**Description of the task**
Restate word for word each line from the one containing "The Complete Tales" through the end of the material, and nothing more. Drop every picture.

**Collected material**
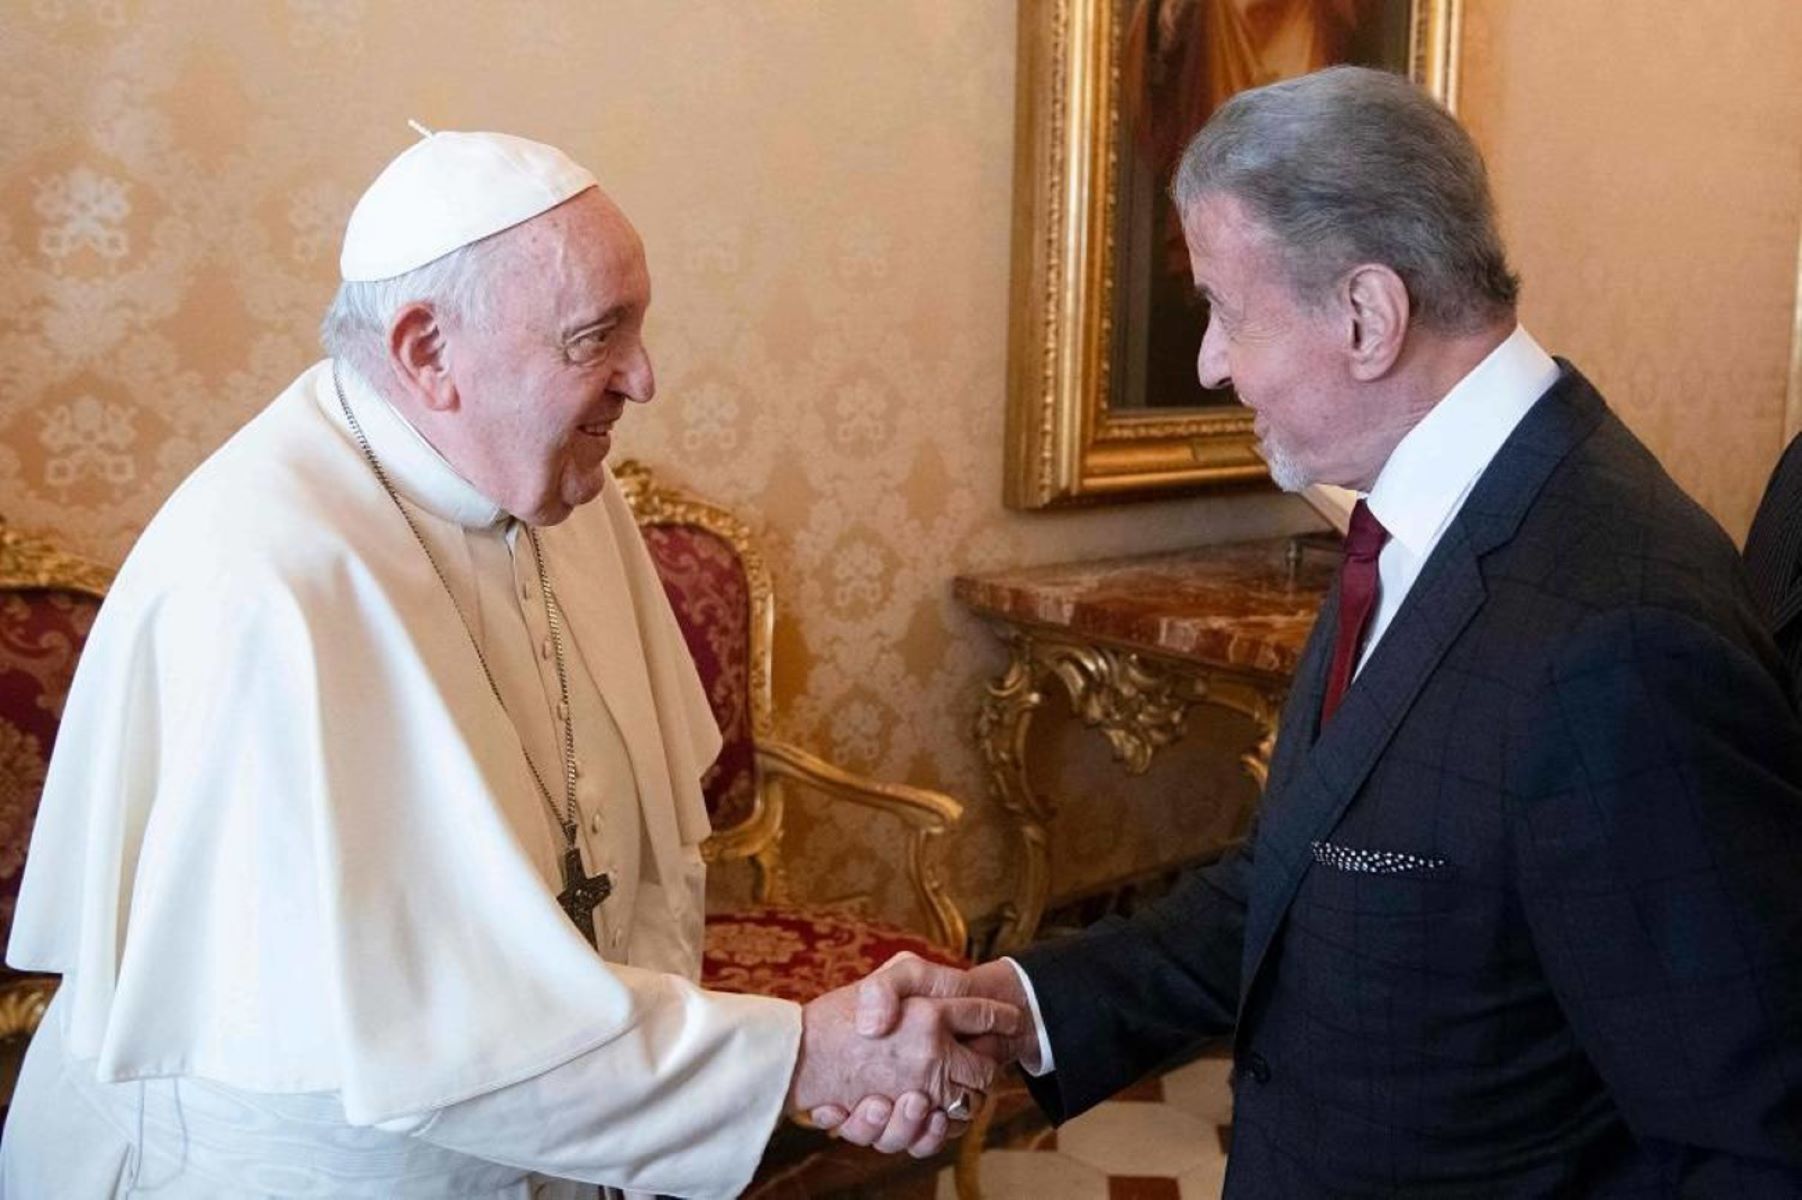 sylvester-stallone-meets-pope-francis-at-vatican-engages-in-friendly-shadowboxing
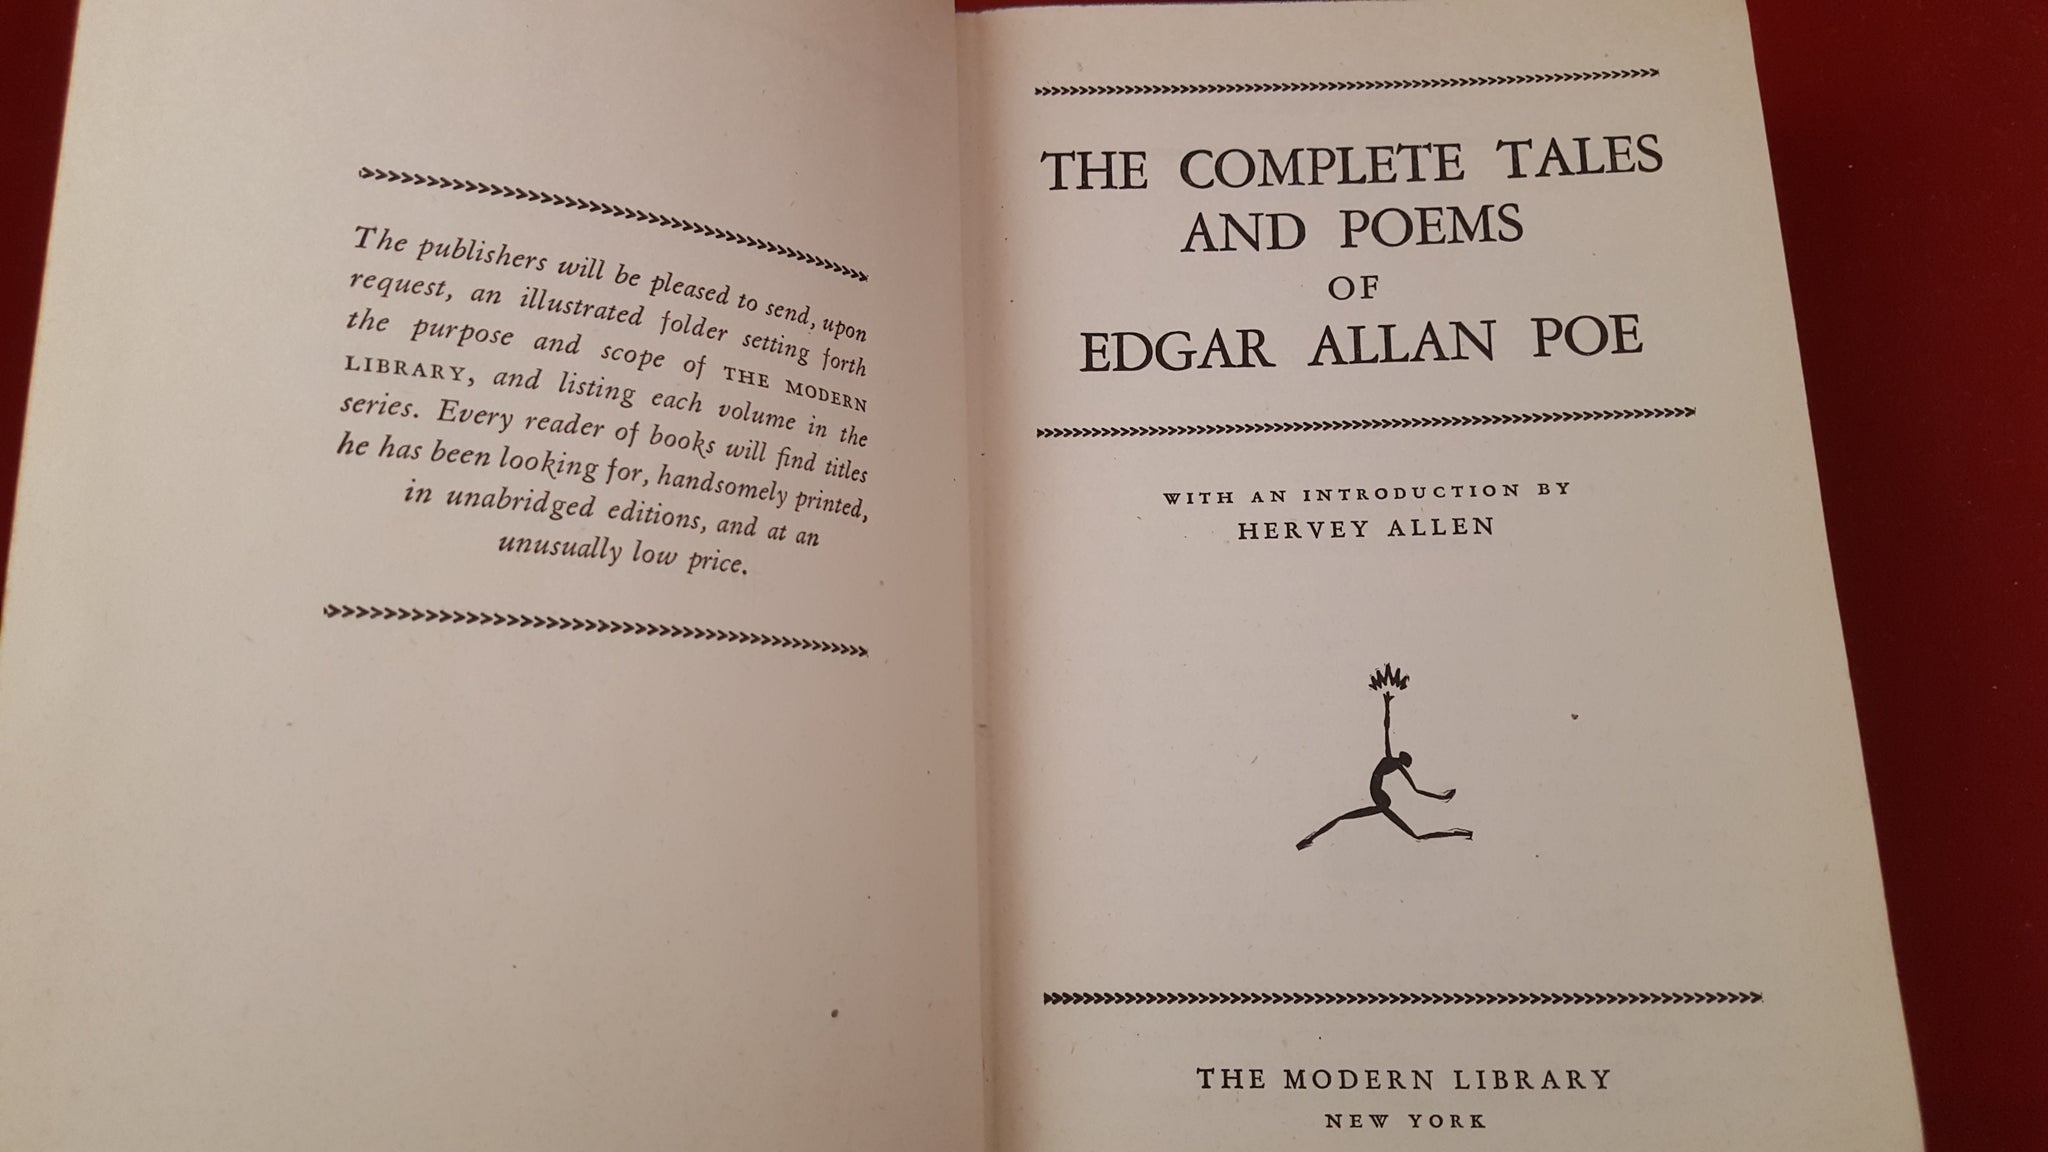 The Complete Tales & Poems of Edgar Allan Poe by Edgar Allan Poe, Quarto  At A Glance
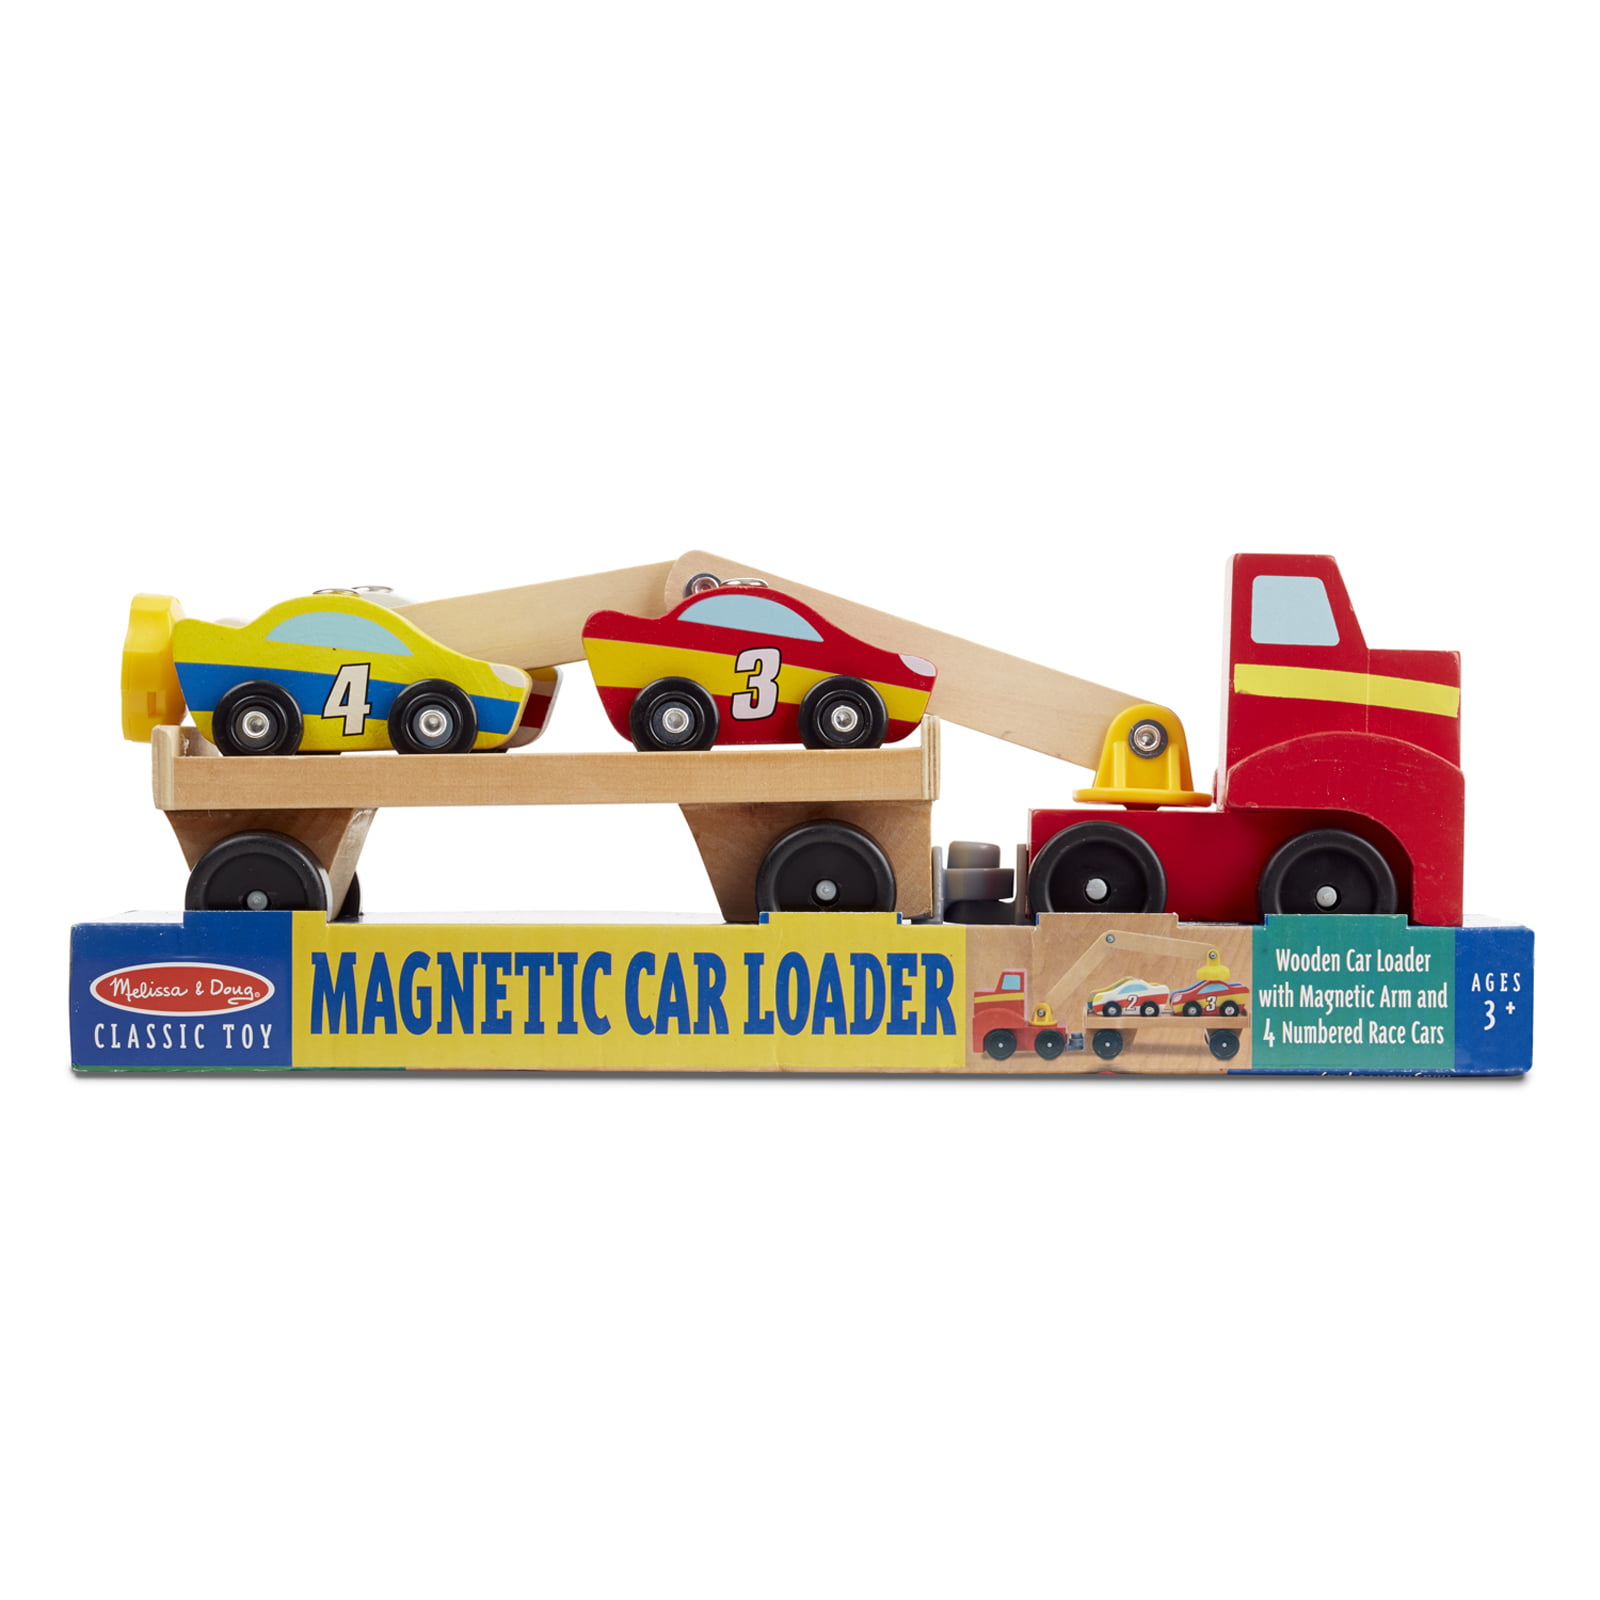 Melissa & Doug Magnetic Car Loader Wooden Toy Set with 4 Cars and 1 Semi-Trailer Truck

**The completed task**
 The Complete Tales & Poems of Edgar Allan Poe by Edgar Allan Poe, Quarto  At A Glance
 Melissa & Doug Magnetic Car Loader Wooden Toy Set with 4 Cars and 1 Semi-Trailer Truck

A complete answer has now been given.